Lecythis poiteaui

Scientific classification
- Kingdom: Plantae
- Clade: Tracheophytes
- Clade: Angiosperms
- Clade: Eudicots
- Clade: Asterids
- Order: Ericales
- Family: Lecythidaceae
- Genus: Lecythis
- Species: L. poiteaui
- Binomial name: Lecythis poiteaui O.Berg

= Lecythis poiteaui =

- Genus: Lecythis
- Species: poiteaui
- Authority: O.Berg

Species of plant

Lecythis poiteaui (Lecythidaceae) of the Guianas and eastern Brazil, commonly called Jarana Amarela, is a rainforest tree of non-flooding forests, reaching canopy-height (around 40 meters or 130 feet).
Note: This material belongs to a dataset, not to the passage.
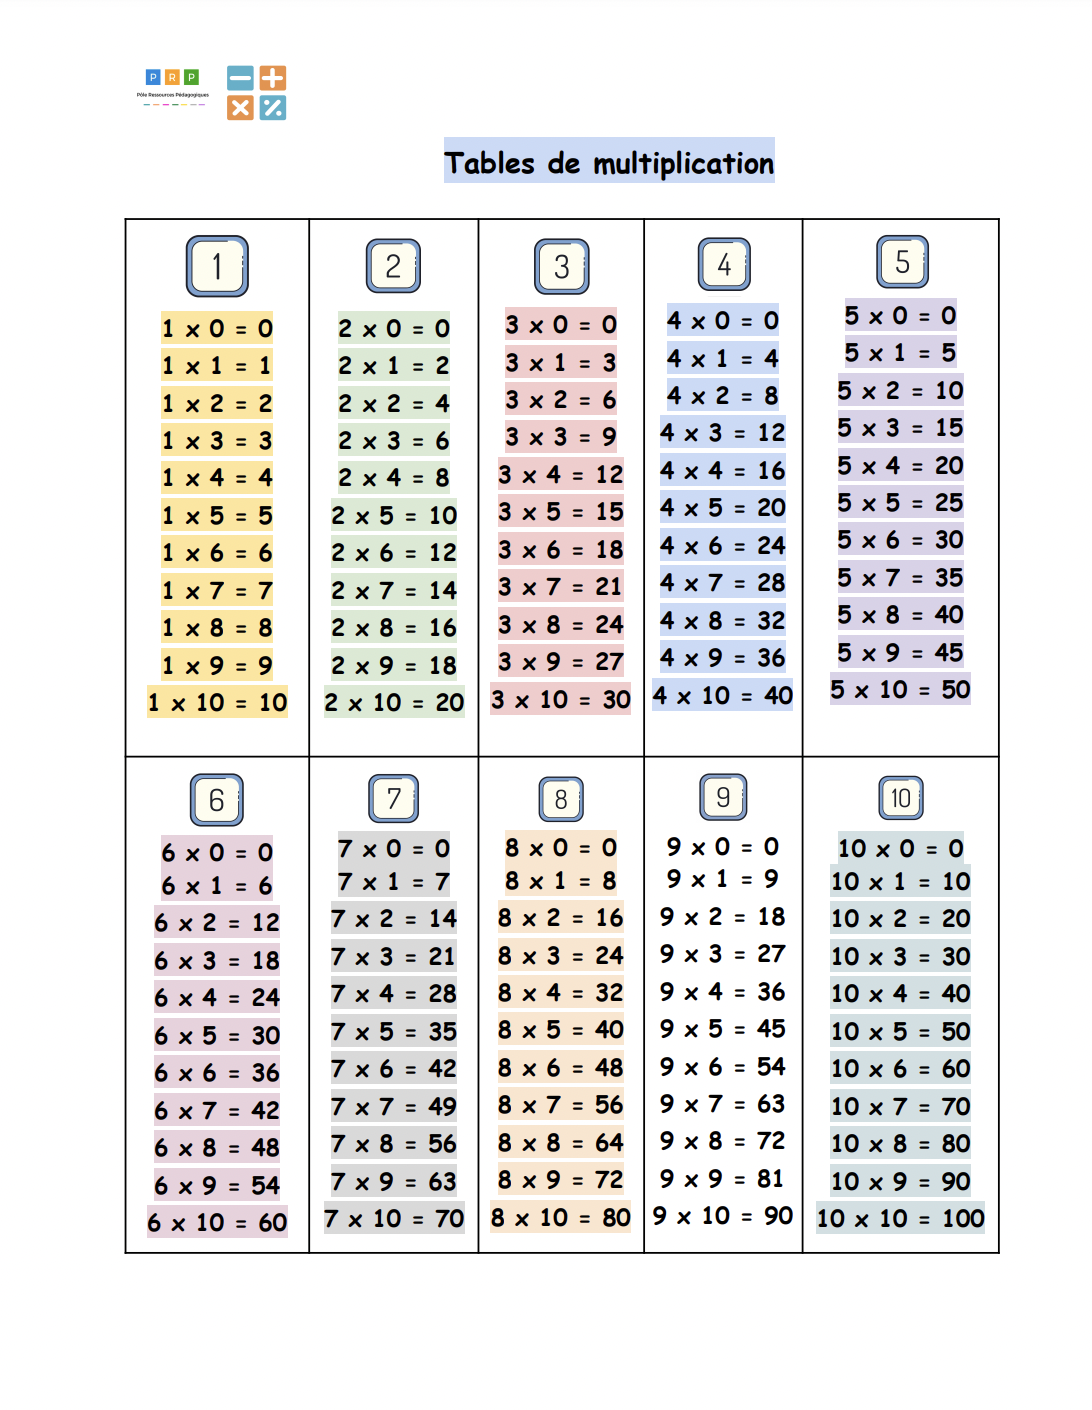 Tables de multiplication à imprimer, tables de multiplication - okgo.net

The leaves are deciduous (dry season), elliptic, to 10.5 inches (26 centimeters) long by up to four inches (10 centimeters) wide, with crenulate edges. Inflorescences unbranched racemes up to 12 inches (30 cm) in length, usually at the tip of branches with 2 to 7 widely spaced, oddly shaped creme de minthe or white flowers, having around 1,000 stamens each. Fruit globose 1.25 inches (three cm) by one inch (2.5 cm) with 4 to 6 brown, aril-covered seeds in each.